# Tri-Tronics G-3 Source for batteries



## Richard Davis (Feb 9, 2011)

I have unused Pro 500 G-3 that I have had unopened for a couple of years. I opened it up & charged overnight. Transmitter took charge but receiver did not as red light blinks. Any suggestions for source of replacement batteries for Transmitter & Collar would be appreciated. Thanks!


----------



## Springer (May 15, 2006)

eBay. I bought one for my upland G3 and it works fine.


----------



## MissSkeeter (May 17, 2013)

Richard Davis said:


> I have unused Pro 500 G-3 that I have had unopened for a couple of years. I opened it up & charged overnight. Transmitter took charge but receiver did not as red light blinks. Any suggestions for source of replacement batteries for Transmitter & Collar would be appreciated. Thanks!

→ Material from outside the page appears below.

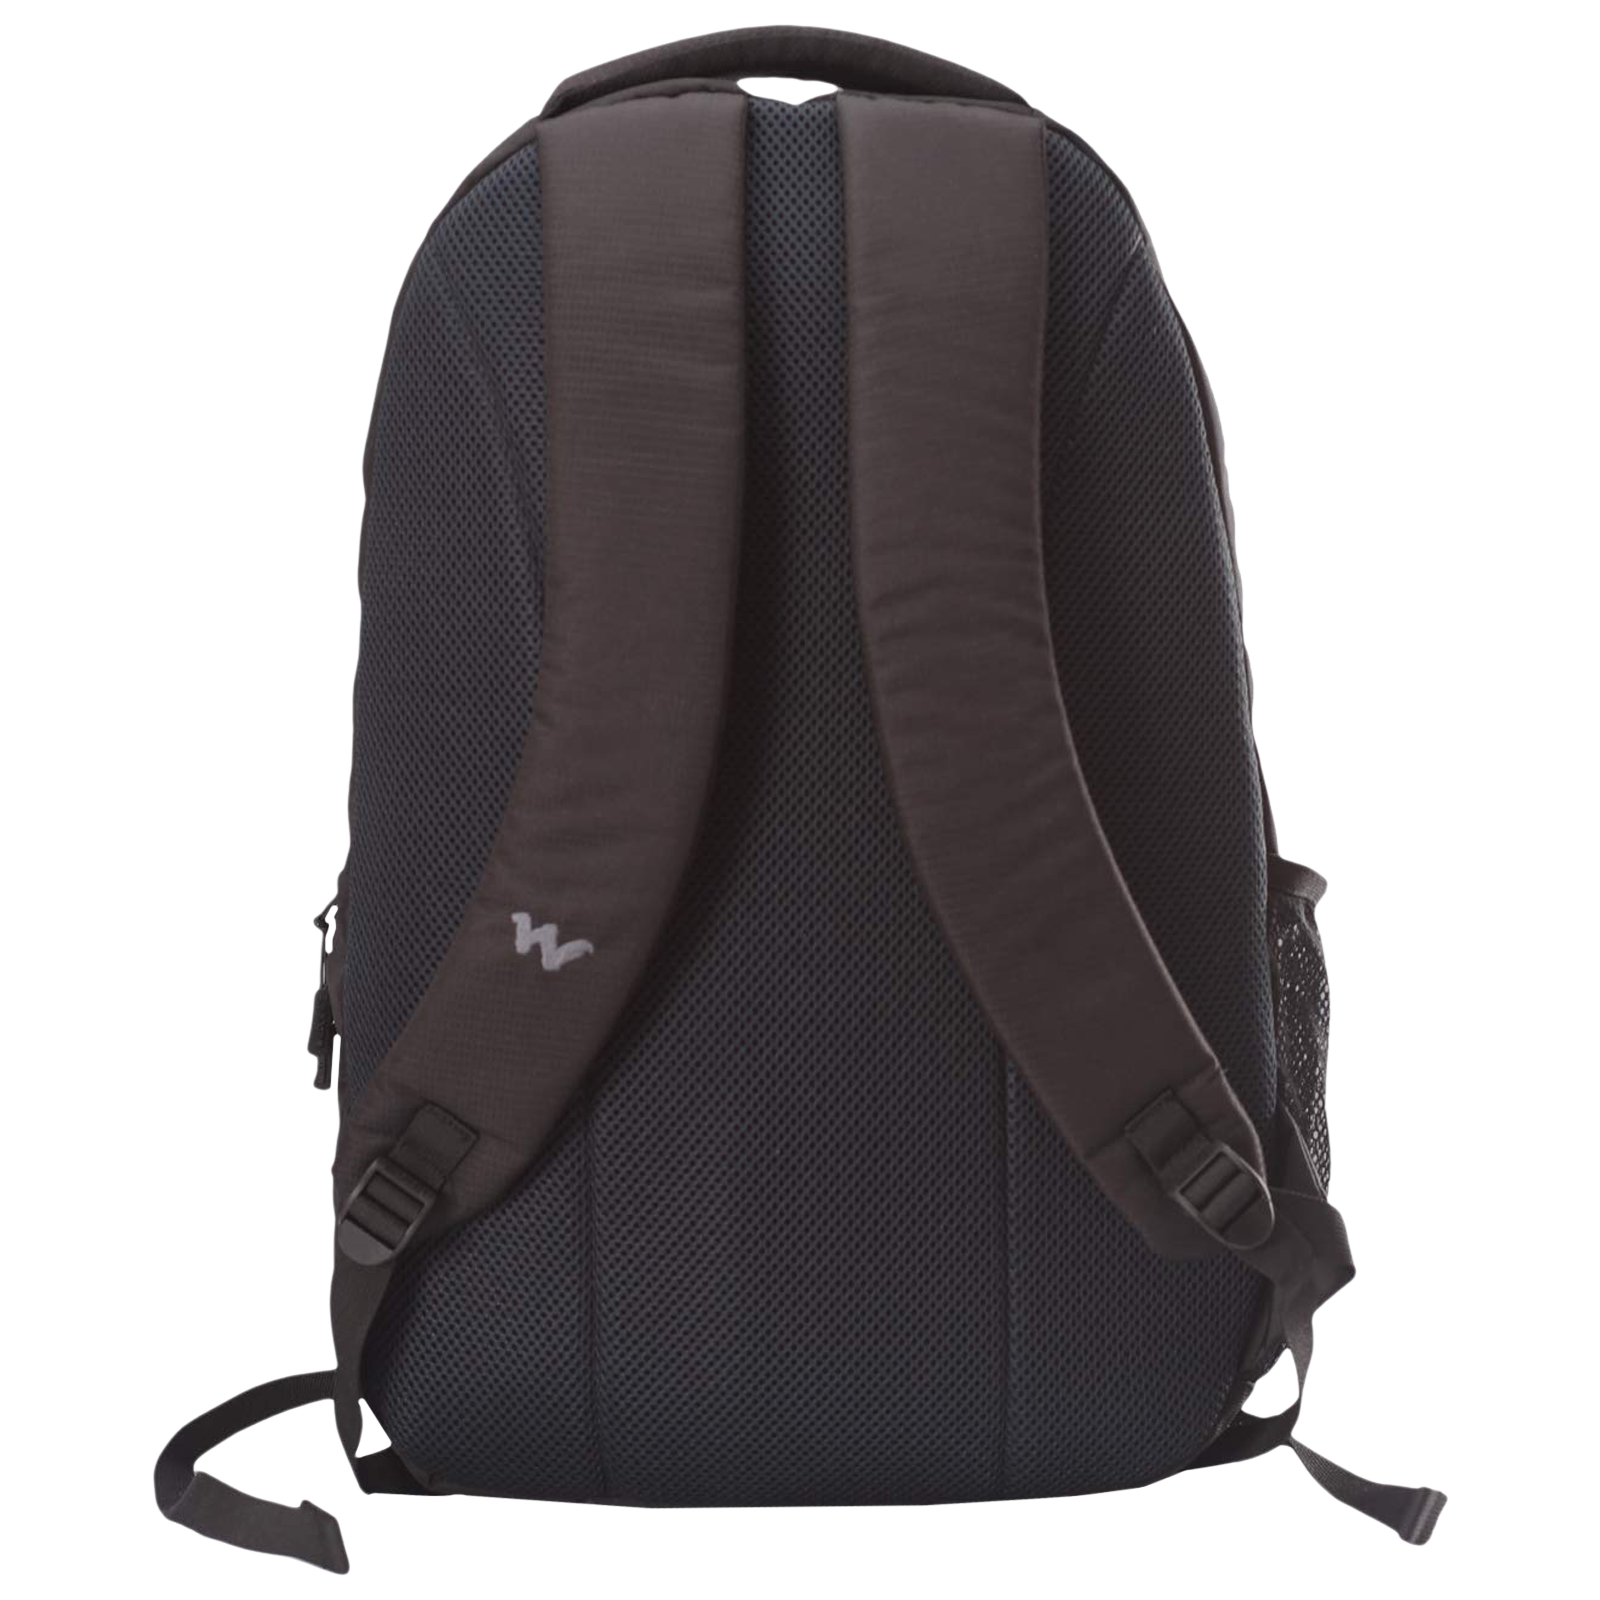 Buy Colossal 40L Backpack Teal Black Online | Wildcraft

I just bought one from Gun Dog Supply for $25:
http://www.gundogsupply.com/g2-batt...BATTERY-PACK&gclid=CPfj483ojMsCFQwxaQodQ8UPhA

I try to remember to charge all my batteries (boat, electric fence, ecollar) on a monthly schedule....
had my f150 and boat batteries freeze on me at 40 below because it was not fully charged...
a unique problem in interior Alaska.


----------



## Richard Davis (Feb 9, 2011)

Thanks, ordered tonight


----------



## Eric Fryer (May 23, 2006)

Just ordered Transmitter battery and will be ordering two receiver batteries next week. Great price and service


----------



## Thomas D (Jan 27, 2003)

Eric did tx battery from gun dog supply work ok?


----------